Reviewed here. Book #2 is Heaven, My Home.
The Knife of Never Letting Go #1 by Patrick Ness
Published 2008, 512 pages
This trilogy is a YA sci-fi series that I zoomed through and thoroughly enjoyed. A young teen boy and girl are on the run from evil men and are trying to stay alive and get to a safe town. Along the way, everything that can go wrong does, and that makes for a very adventurous, action-packed story. The premise? Men on the planet can't hide their thoughts - every thought is vocalized! When Todd discovers a girl that has crash landed on his planet, they take off together, teaching each other along way. There are crooked politicians, strong women, the indigenous population they can't communicate with, bad decisions, and strength of character. A great series. First book reviewed here - 2nd and 3rd books reviewed here.
Doc #1 by Mary Doria Russell
Published 2011, 394 pages
Here's a terrific recommendation for a change of pace. This excellent, well researched duology (book #2 is Epitaph) tells the story of Doc Holliday. Though the first book starts a little slowly, stick with it - it becomes a fascinating look at the old west, at the disease of TB, at the life of a wealthy, privileged doctor who is slowly dying and how he chooses to live his life. Russell brings to life this man and his friendship with Wyatt Earp and the Mastersons in a challenging time of American history.

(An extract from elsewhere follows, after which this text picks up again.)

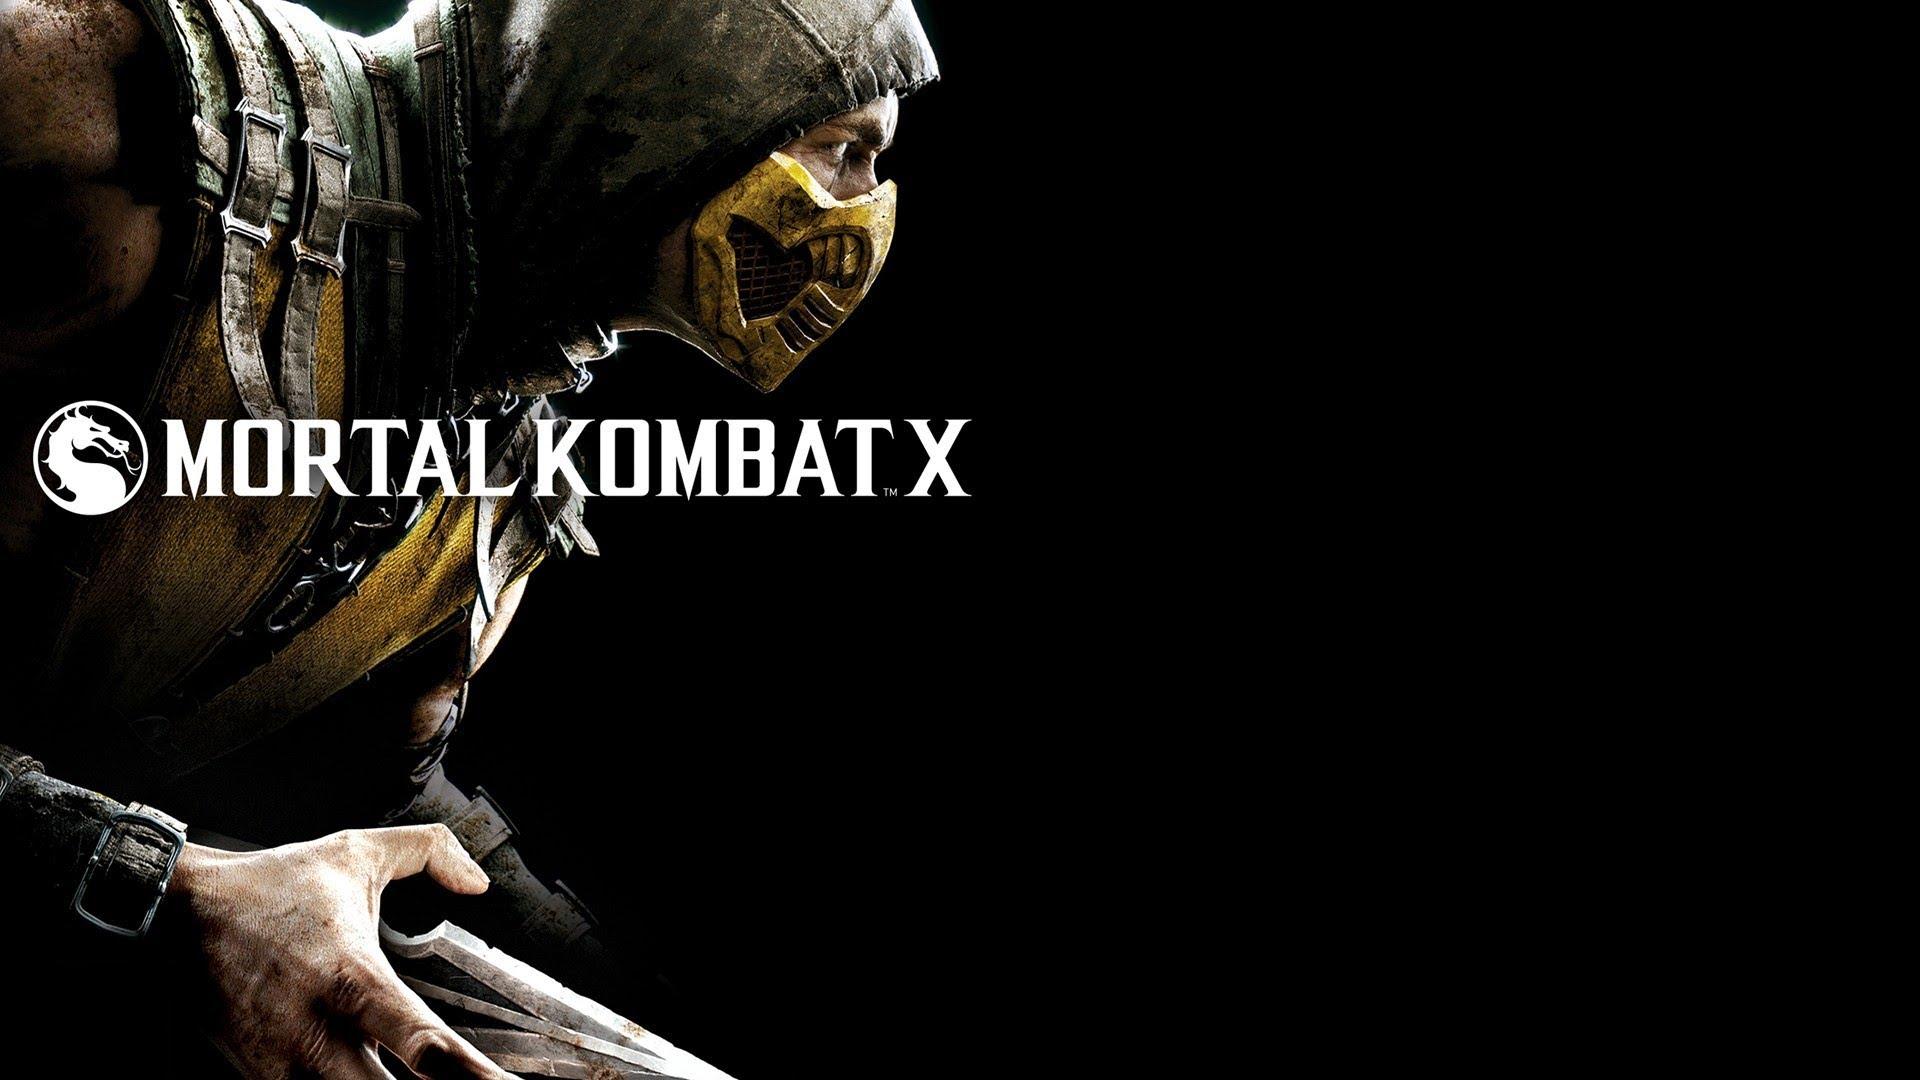 Mortal Kombat X Hd Wallpapers Mortal Kombat X Wallpaper Hd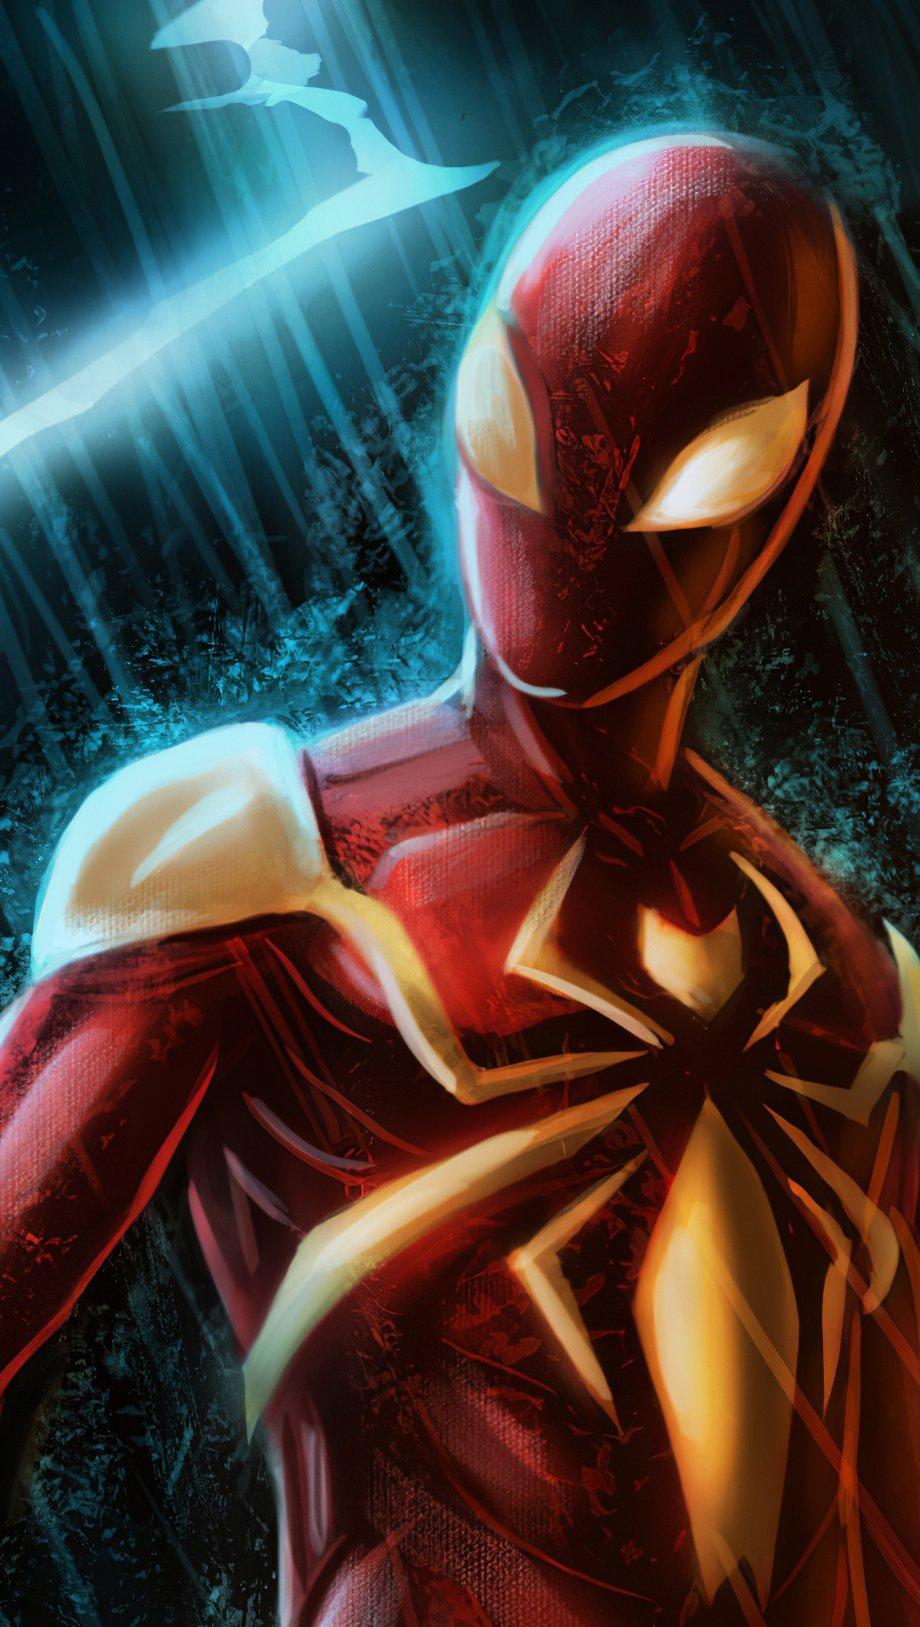 Fondos de pantalla El hombre araña con traje rojo y dorado Vertical

A Curious Beginning #1 by Deanna Raybourn
Published 2015, 339 pages
A binge-worthy series if you enjoy a strong female lead character, novels set in Victorian England, and a strong dose of adventure with a splash of romance. Veronica Speedwell is a formidable protagonist, a young woman who knows her own mind and intends to live independently, in spite of what is acceptable in society. She travels, takes lovers, and uses her intellect to make deductions that help solve crimes. Quick reads, the series is currently up to 5 books. Book #1 reviewed here and #5 reviewed here.
I hope you find something here that piques your interest and sends you to your library to start a reading binge fest! Happy Reading!